I don’t think it needs Phil’s “Sun Enhancement” just subtract one time from another, subtract a few more hours and then output as minutes.
Also I’m not sure that you noticed but I made the first posts able to be fully copied into the template editor so you can copy them over and play with them to get different results.
In milliseconds - 1544817447000 (which is another can of worms).
Yes, the time stated should be the local time and the bit on the end simply tells you the relationship of that time string to UTC.
Coming a bit late to this but the best way I found of visualizing this, is to think of time & date as a number.
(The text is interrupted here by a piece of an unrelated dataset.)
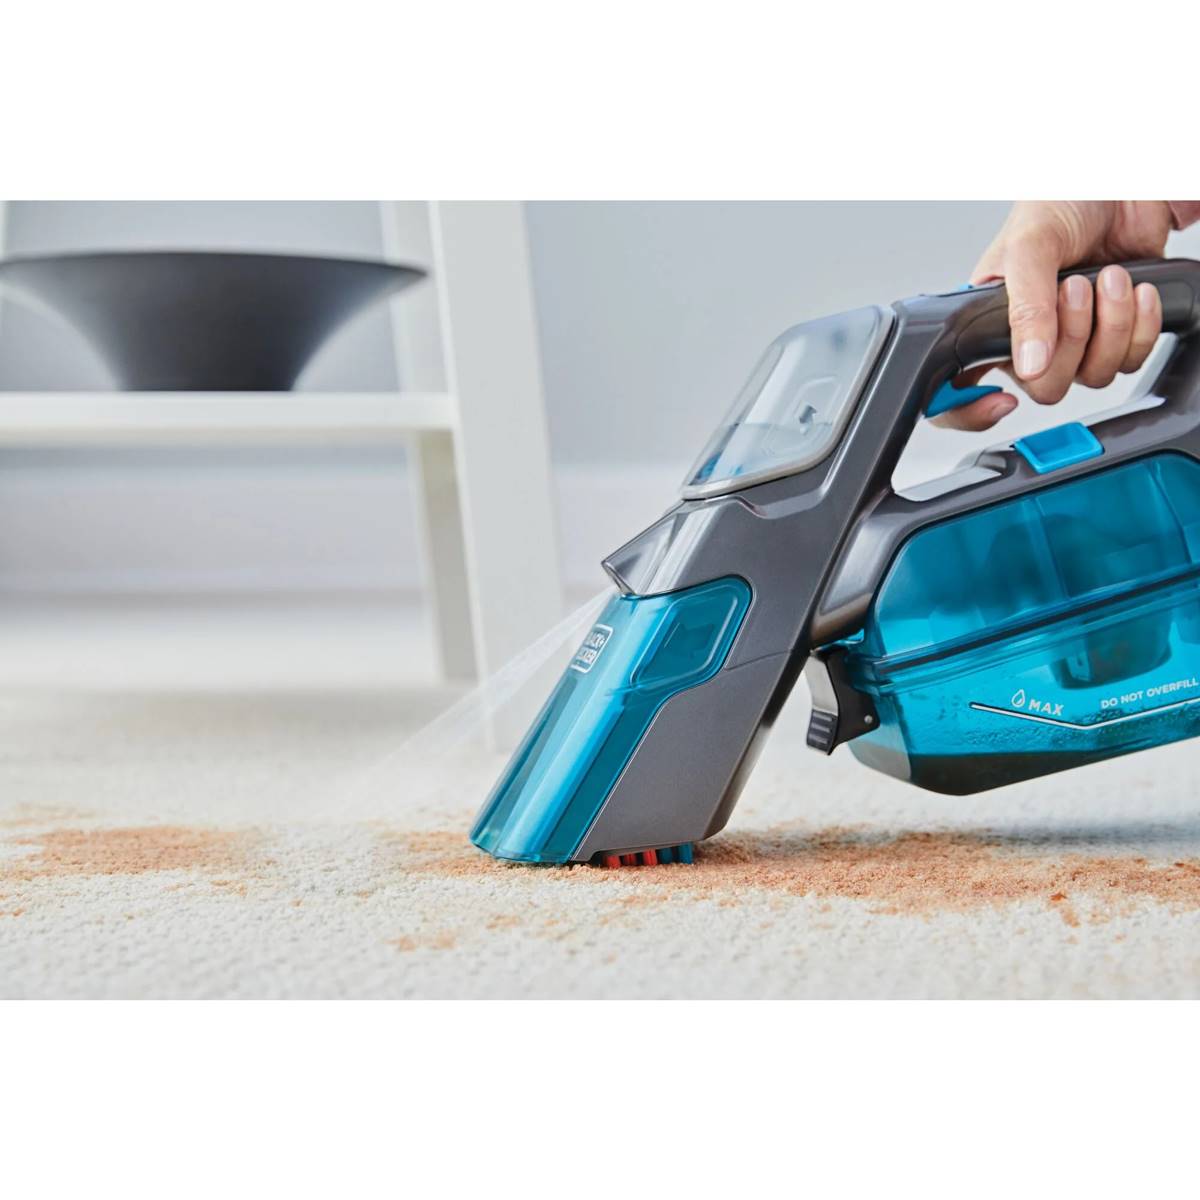 Black & Decker Spillbuster Cordless Spill & Spot Cleaner Vacuum

Wherever you are on the globe, everyone is at the same instantaneous number - the UNIX timestamp - UTC.
The number (or TZ) on the end of the string representation, tells you what that number string is relative to UTC (or GMT or Zulu time) where a minus is behind (midday is later) and plus is ahead (midday is earlier) than if you were on UTC.
So if your timezone is -5, you are 5 hours behind so when UTC is 19:00, local time to you is 14:00 but in ISO format that is 14:00-05:00 not 19:00-05:00
Without a timezone, the time & date string is always assumed to be local.
Would anyone have a way of explaining how to use the input_datetime component for comparison?
Specifically just the has_date: false/has_time: true usage.
When trying to use the timestamp attribute in this configuration, it only produces the number of seconds from midnight of the current day when used in templates which doesn’t play well with as_timestamp’s use of the Unix starting point.
I’m trying to use the time entry at the input_datetime component in the frontend to trigger an action everyday at that time.